Task requirements: From the line containing "Sensodyne Repair and" through the last line of the material, copy every line exactly, both ends inclusive; do not copy pictures.

Data block:
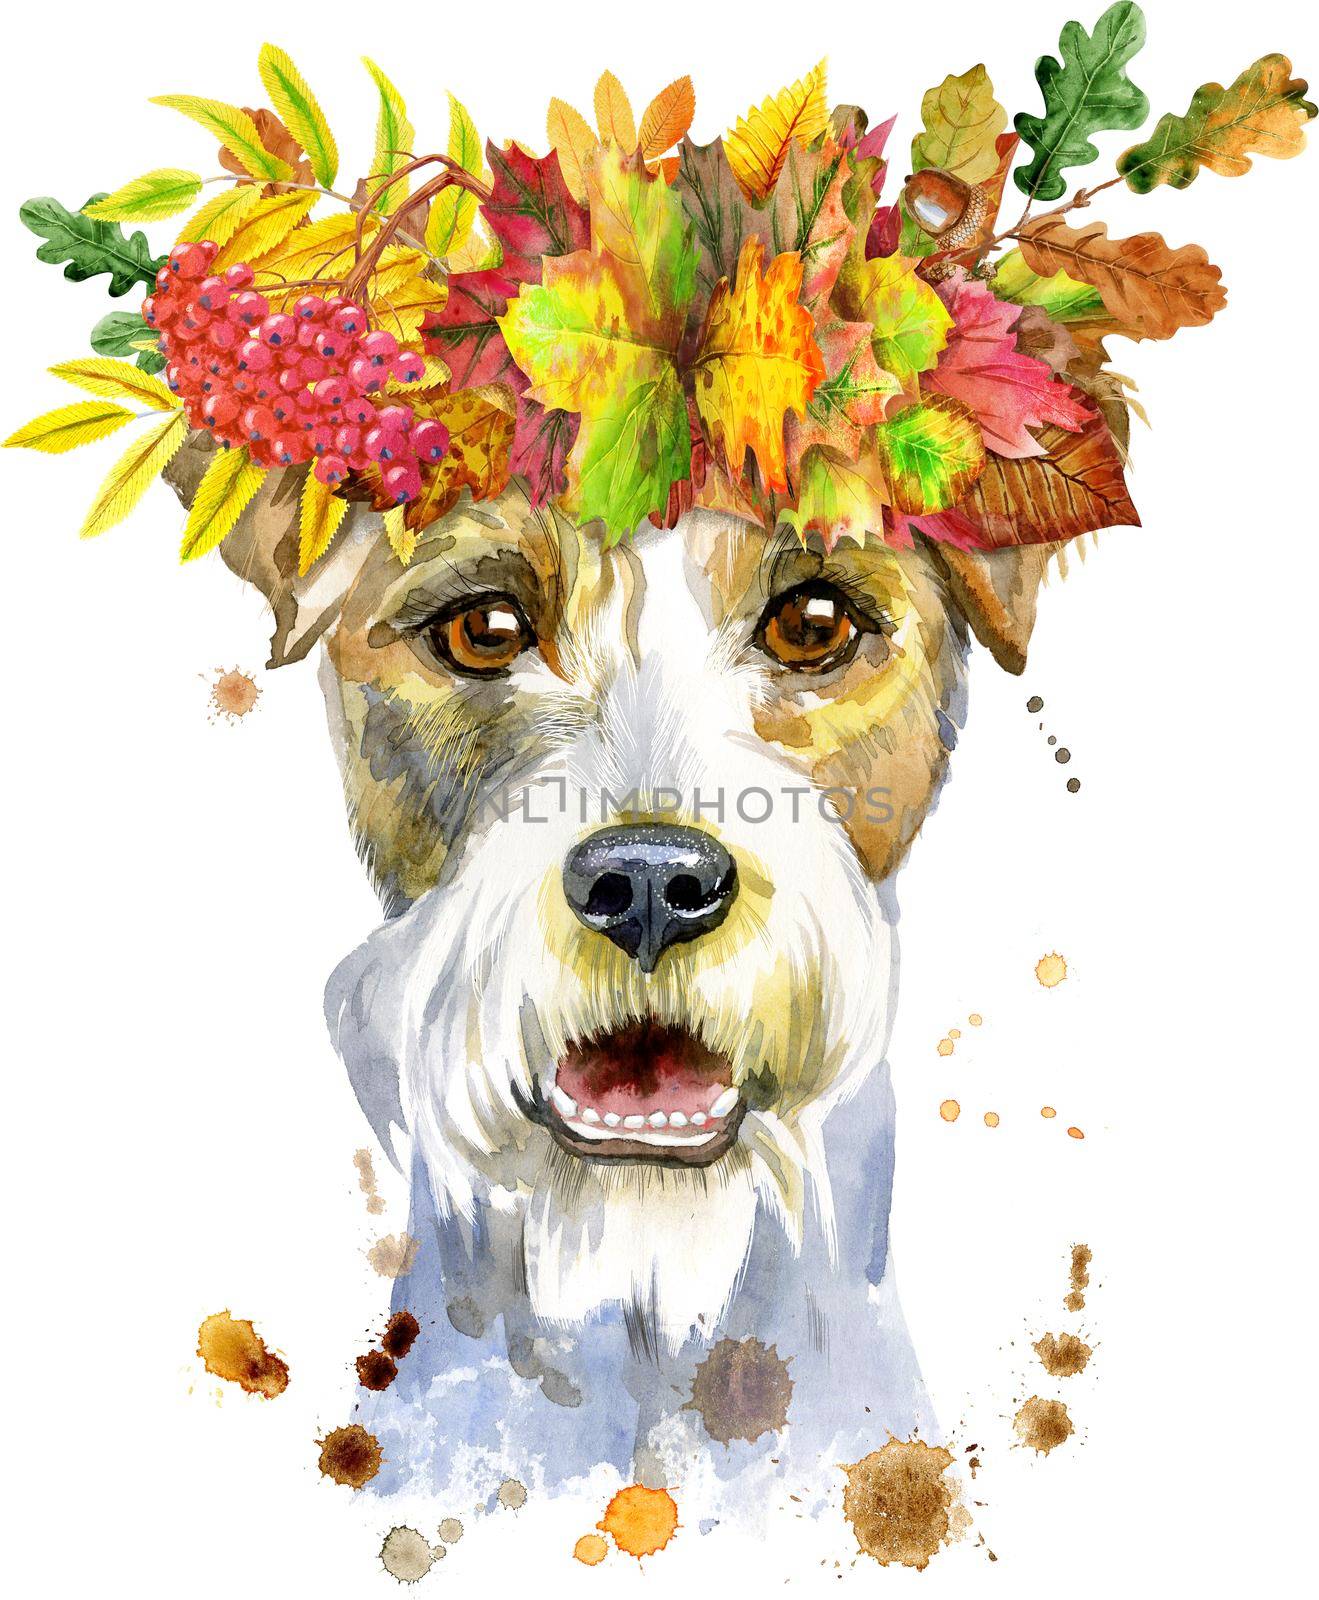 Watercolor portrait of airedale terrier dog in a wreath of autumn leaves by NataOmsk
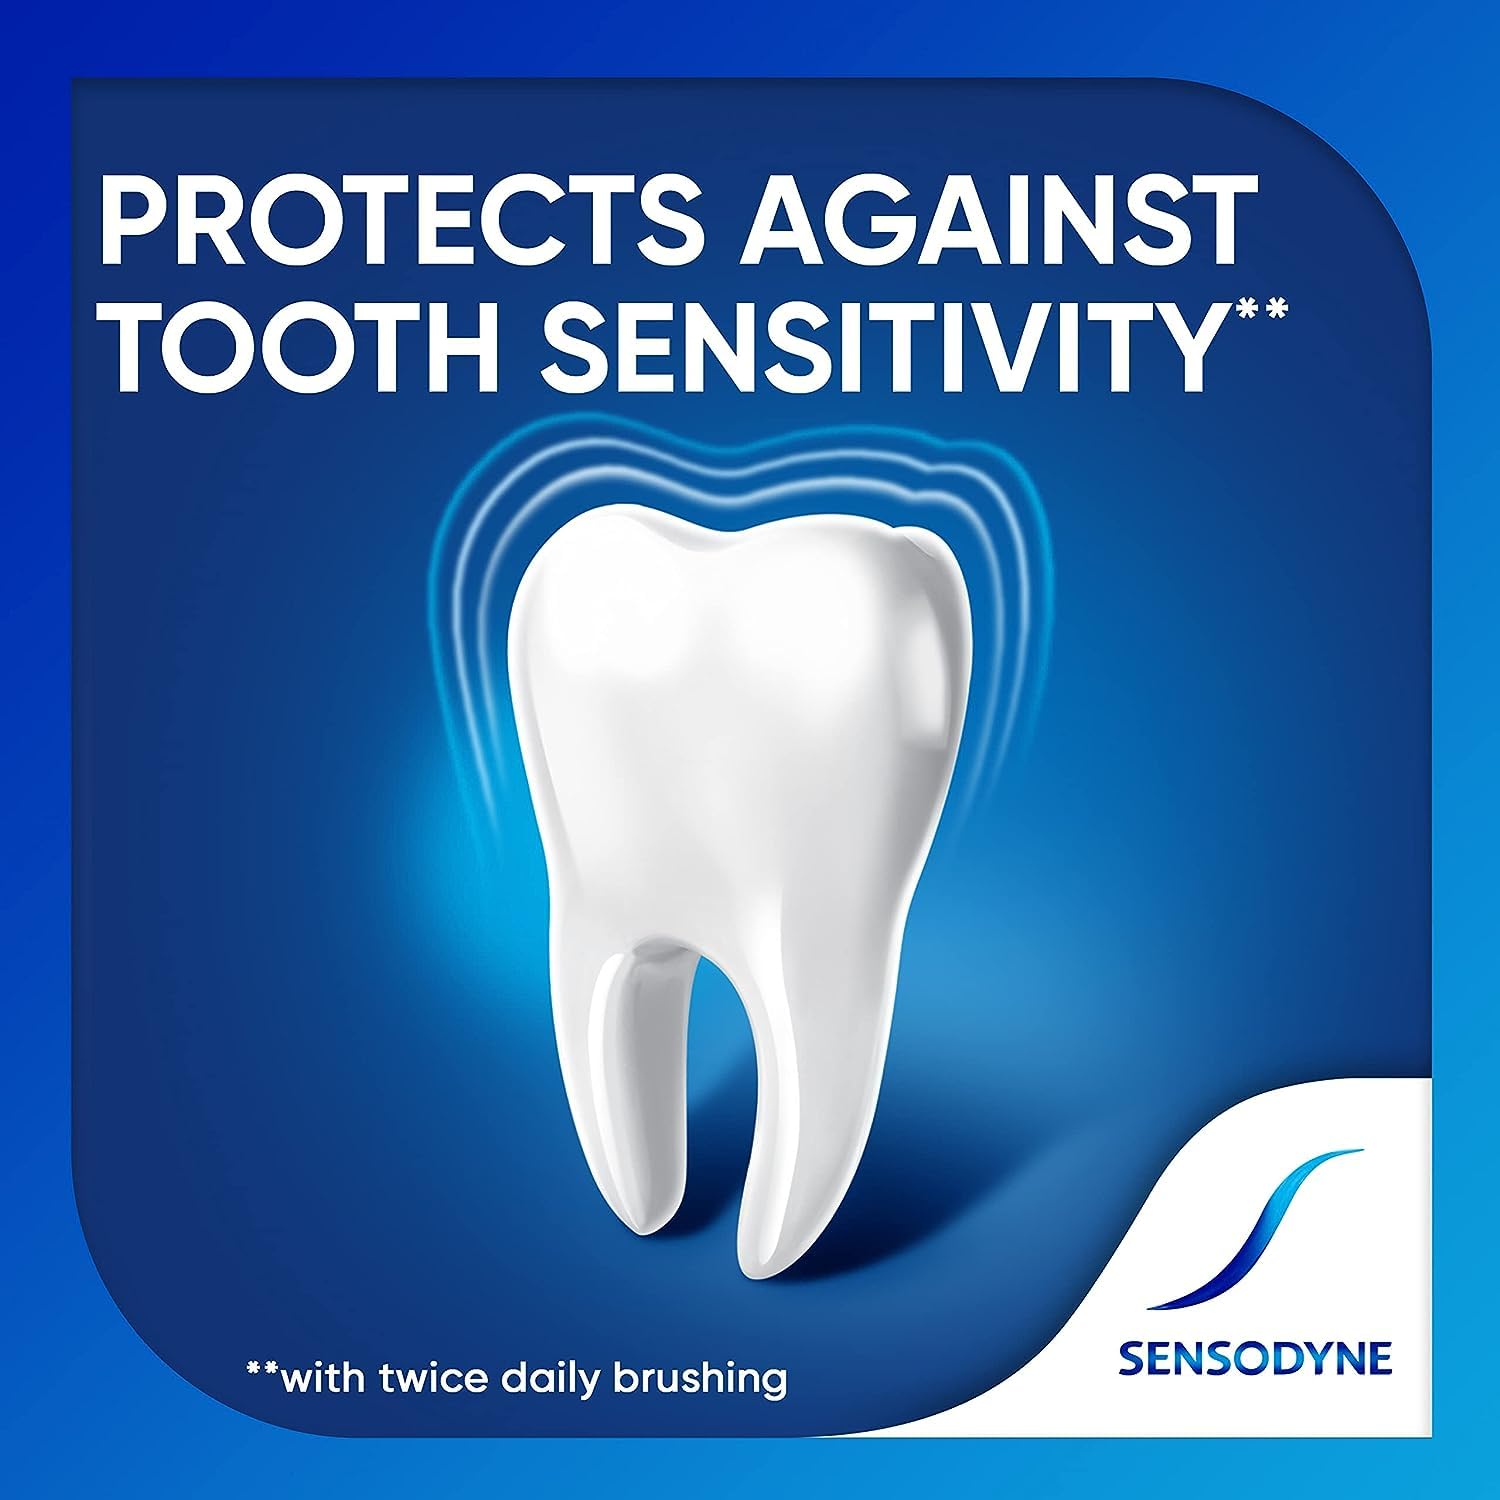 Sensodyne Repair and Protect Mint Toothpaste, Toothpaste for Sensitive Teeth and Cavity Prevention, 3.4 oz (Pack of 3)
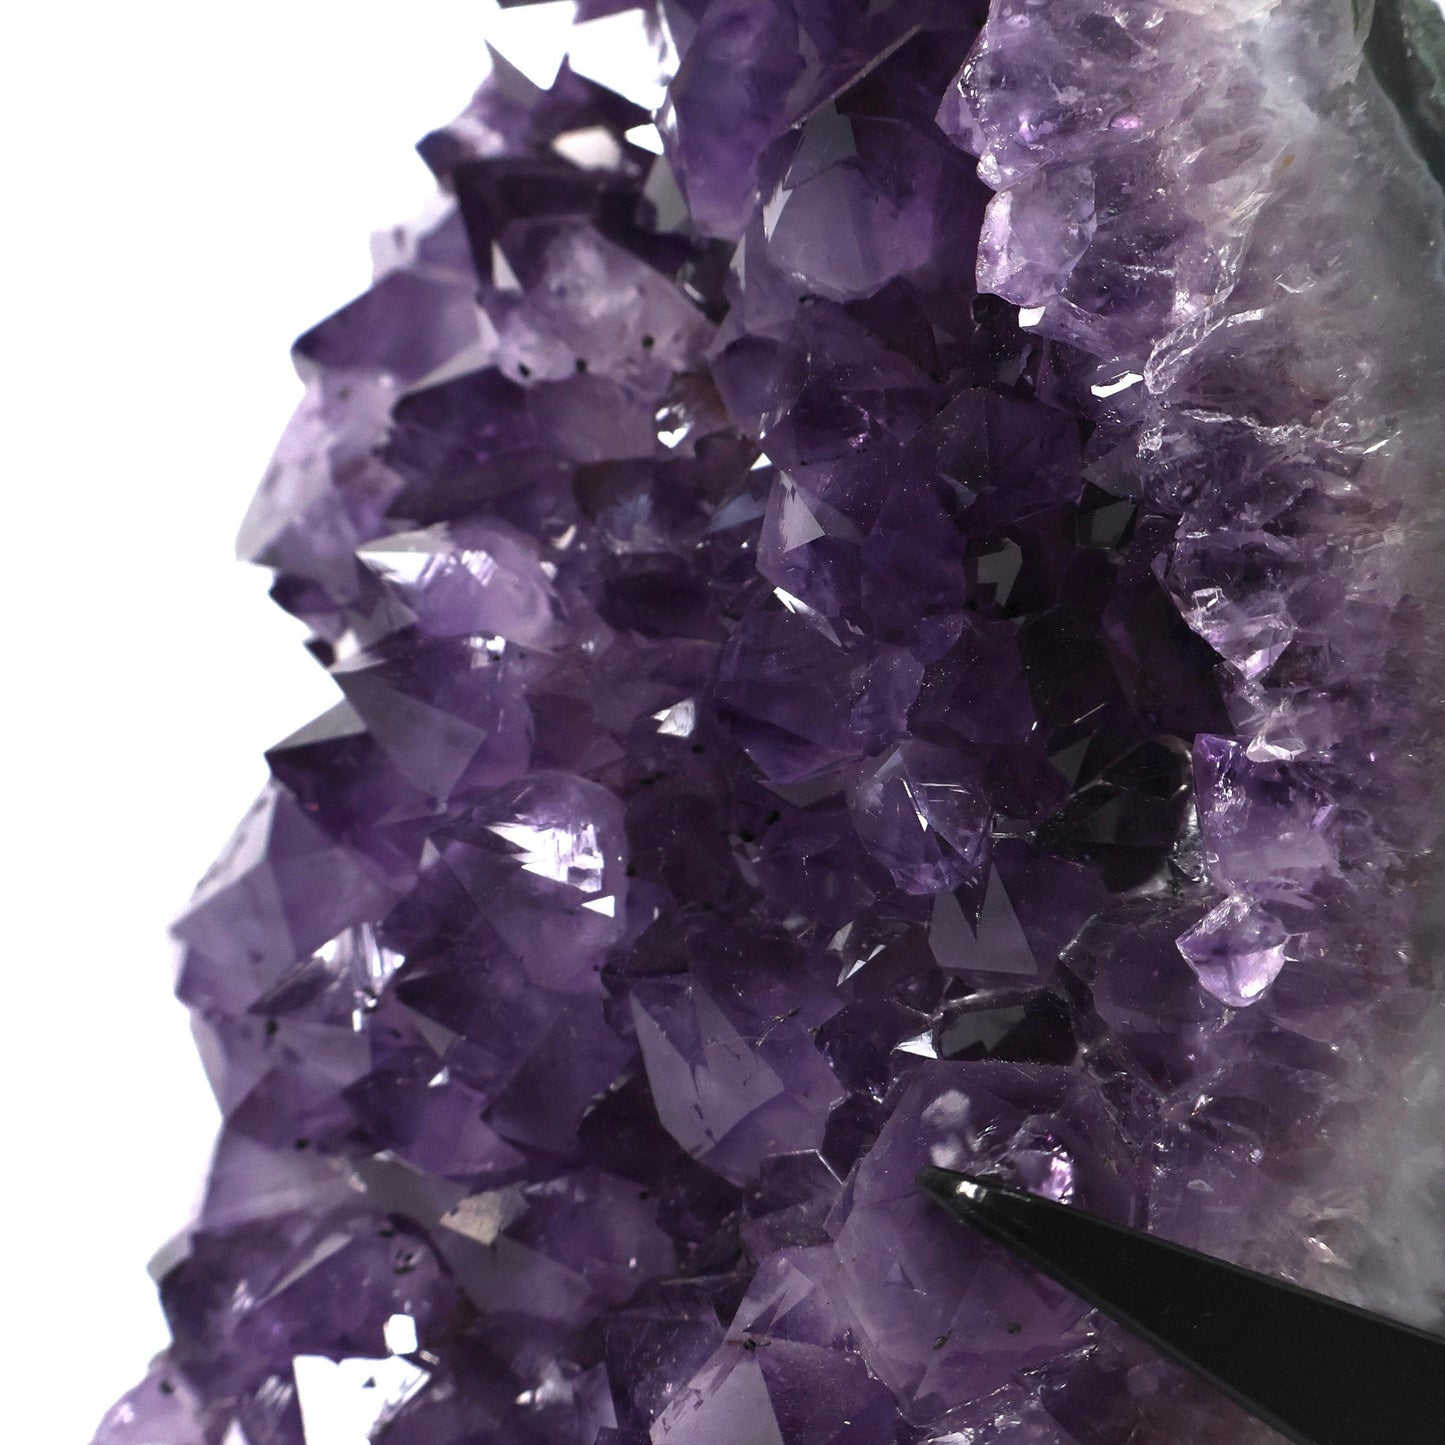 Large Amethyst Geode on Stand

Output:
 Sensodyne Repair and Protect Mint Toothpaste, Toothpaste for Sensitive Teeth and Cavity Prevention, 3.4 oz (Pack of 3)
 Large Amethyst Geode on Stand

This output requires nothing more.